Which is not, in any way, to imply they are totally useless. Certainly word processors, corkboards, and flow charts are useful in creative writing. However, I have found them limiting and wanting. Of the programs I have tried, I prefer Scrivener because I find it the most richly-featured, but still feel constricted by its limited ways of interacting with my writing and its antiquated-looking interface.

Design

Borrowing from Coders — Code Bubbles

It was during my last term as a student, that my Human-Computer Interaction seminar discussed Code Bubbles. My thoughts immediately turned to how I could apply those design decisions to creative writing software. At first I decided that there was not much that would translate usefully; however, the idea kept churning in my brain.

On the surface, the needs of writing creatively are very different from those of writing software. Where an IDE might reasonably include things like tab- completion and templating, these features are of very limited use to creative writing. However, both acts center around both creating content and organizing it. A large codebase can quickly get out of hand if there is no way to usefully understand its structure; likewise, an author can get lost in all the details of a story they are trying to create. When does a particular item or character first appear in the story? Is its appearance described consistently?

The “novel user interface metaphor” developed by Code Bubbles can be usefully extended to the realm of creative writing. More on this later.

Take-aways / novel features of Code Bubbles:

  • Manipulate snippets
  • Concurrently-visible working sets
  • Groups with minimal border decoration, no overlap
  • Large, pannable 2-D virtual space in which to cluster groups
  • Small representation (map) of larger virtual space for easy navigation

Interface Metaphor

Essential to good design is an intuitive metaphor—or model—of how elements are organized and can be manipulated. Code Bubbles introduced “bubbles,” but even this is not so much a comprehensive metaphor that fully explans the bubbles’ fuctionality, but mostly serves to emphasize that bubbles fuction differenty from more-familiar “windows.”

Returning to existing creative writing software, many have the same component elements:

  • hierarchical file system on one side
  • word processor in the middle
  • meta-notes on the side
  • short notes that are rearrangable within a grid

The first two are probably familiar to the user by dint of being related to basic computational tasks. There is no particular metaphor in place that relates these elements with the others; nor, necessarily, does there need to be.

The most novel element is the occasional inclusion of small notes that are rearrangable in a grid. These are always akin to index cards, a simple analogy to the physical world: to add meta-notes to a document in the real world, one might reasonably attach a Post-It note or an index card; the same metaphor is reused for the digital world. But within that analogy, there is actually a loss of usefulness: index cards in the real world can be arranged in more than just a grid. They can be manipulated in more meaningful ways. They can be color-coded with multiple colors. They might also take the form of images, whether a quick sketch, a photograph, or other useful bit of visual information. In the real world, an author will use whatever material best suits the information to be conveyed. The only limitations are related to being physical: portability, duplication, and so on. Unfortunately, this model consistently fails to solve some of those very problems. They fail to make use of the advantages of using a computer program instead of actual notecards.

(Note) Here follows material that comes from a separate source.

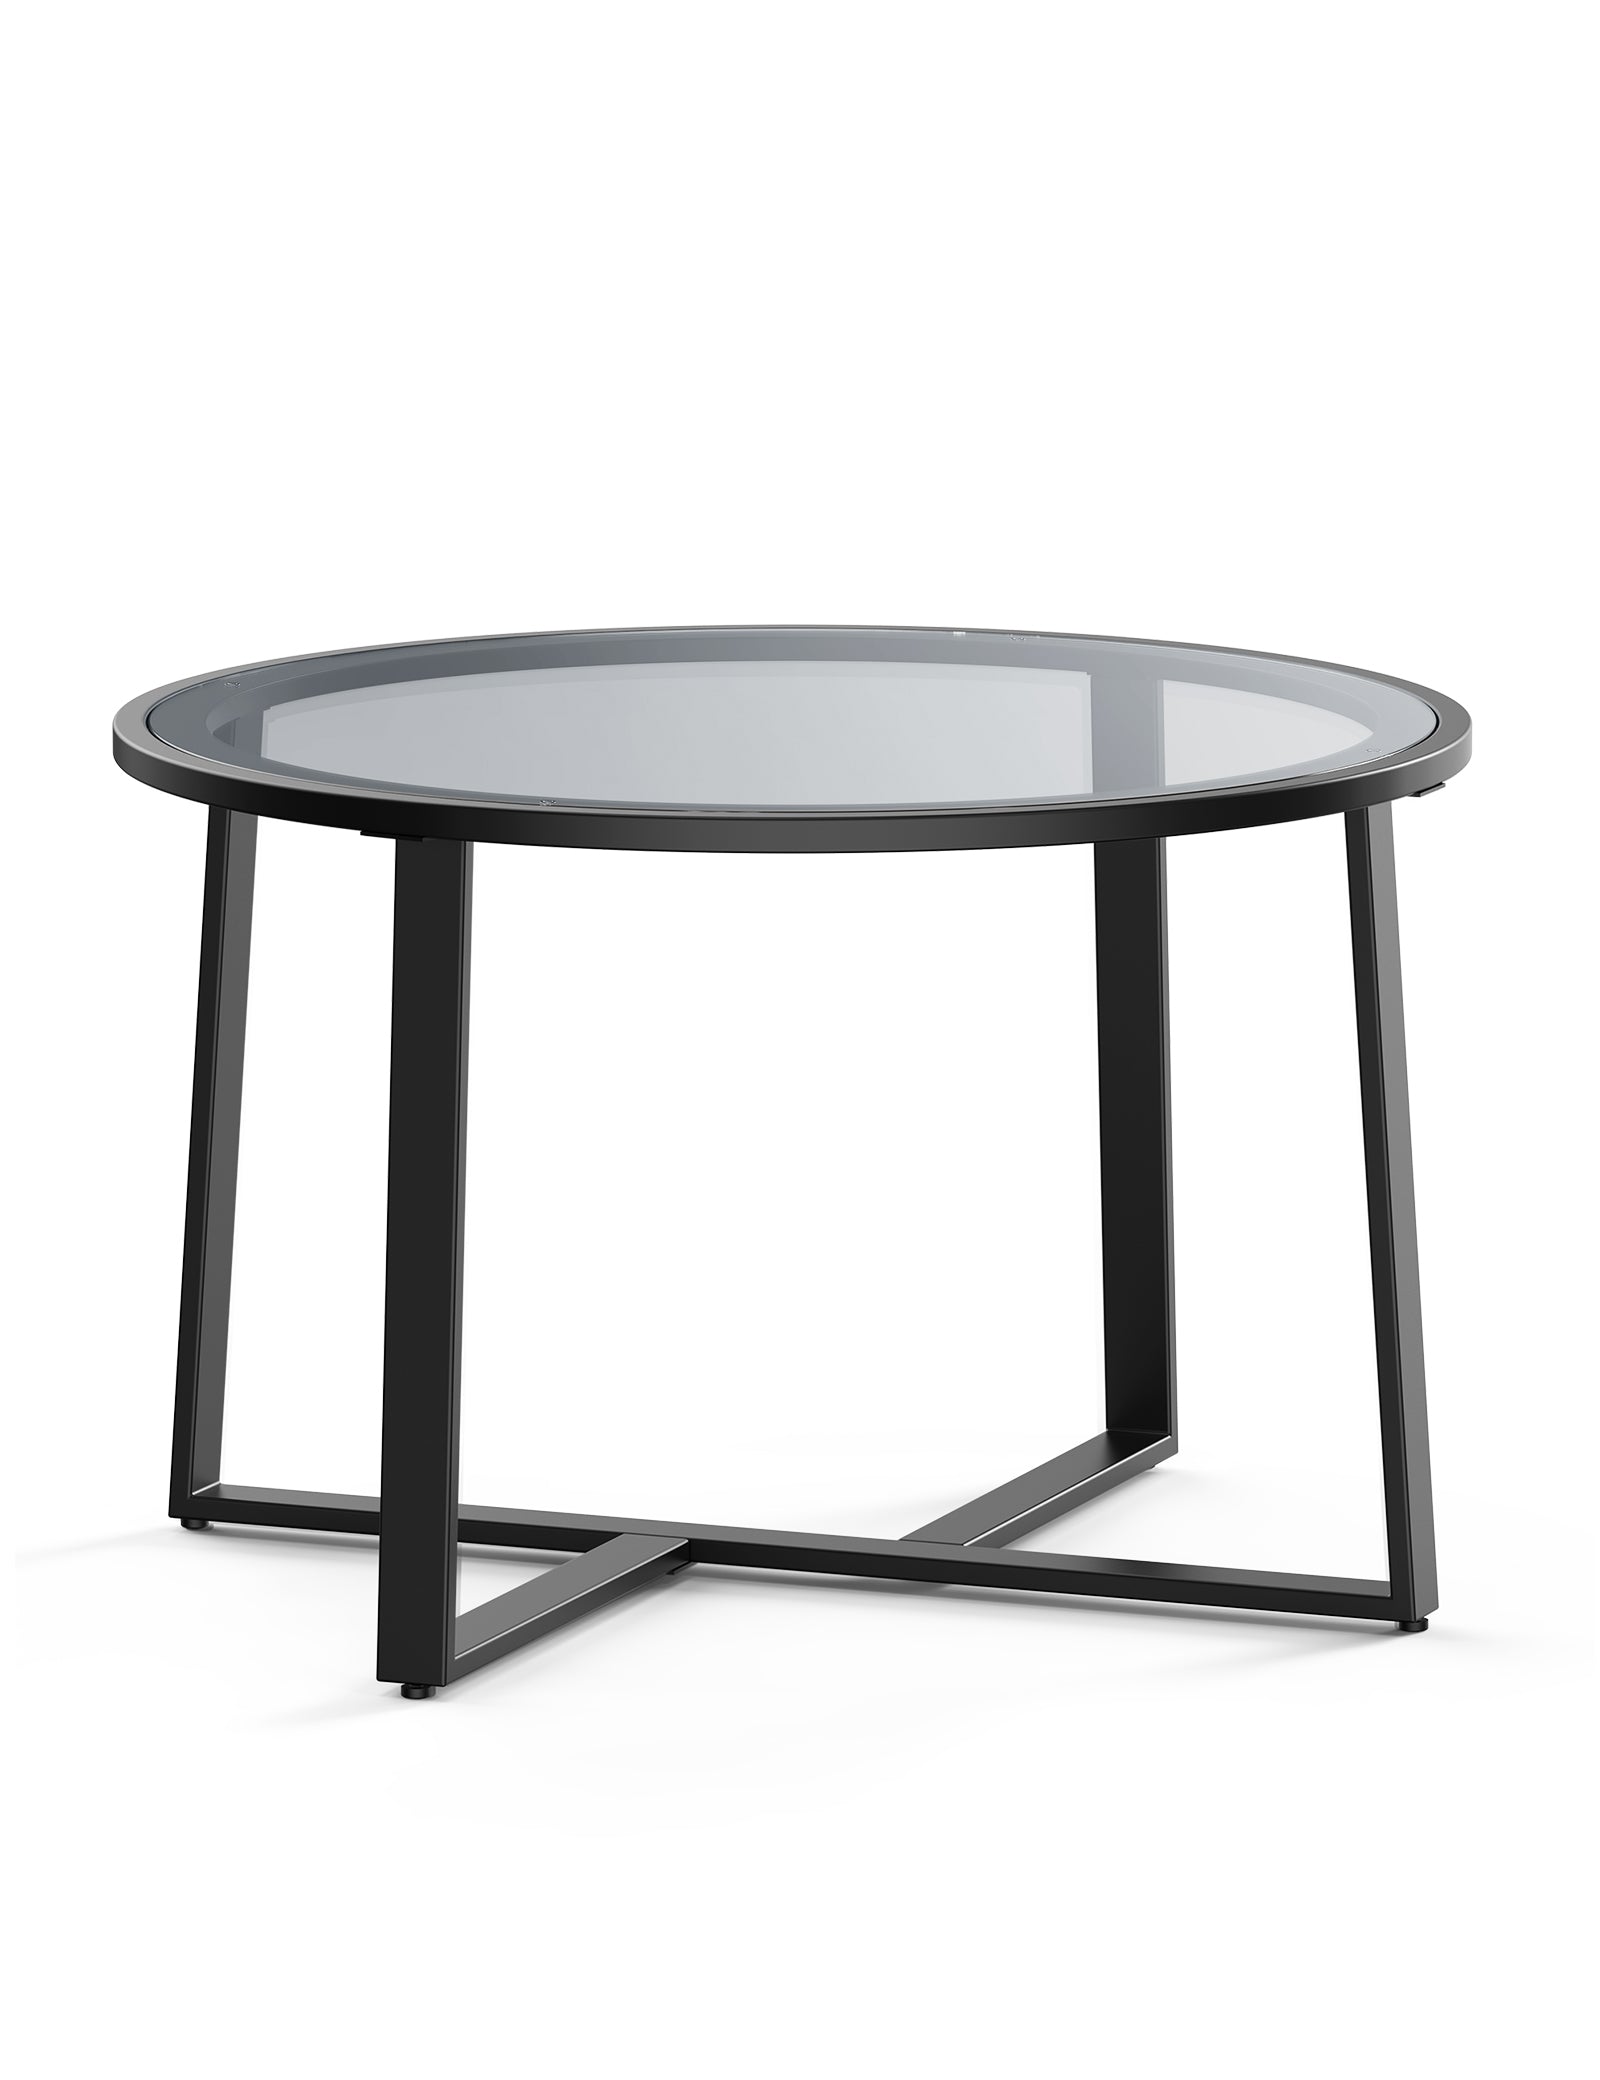 Evajoy LRF001 Coffee Table, 27.6" Alloy Steel Round Coffee Table with Tempered Glass Surface

Furthermore, the model these programs adopt is minimally commital, with only one or two components being related to the real world, while the rest are unrelated to one another. The model gives no clear idea of the functionality of its components.

Instead, I propose a program with a model based around the night sky.

Just looking at the night sky, you might see a mess of little lights: stars, planets, various celestial bodies. These lights (we’ll say stars for simplicity) have no immediately apparent organizational structure. How can one ever learn to consistently identify specific stars, transform the mess of lights into useful information?

The solution to this problem is ancient, yet still applicable to modern life: constellations.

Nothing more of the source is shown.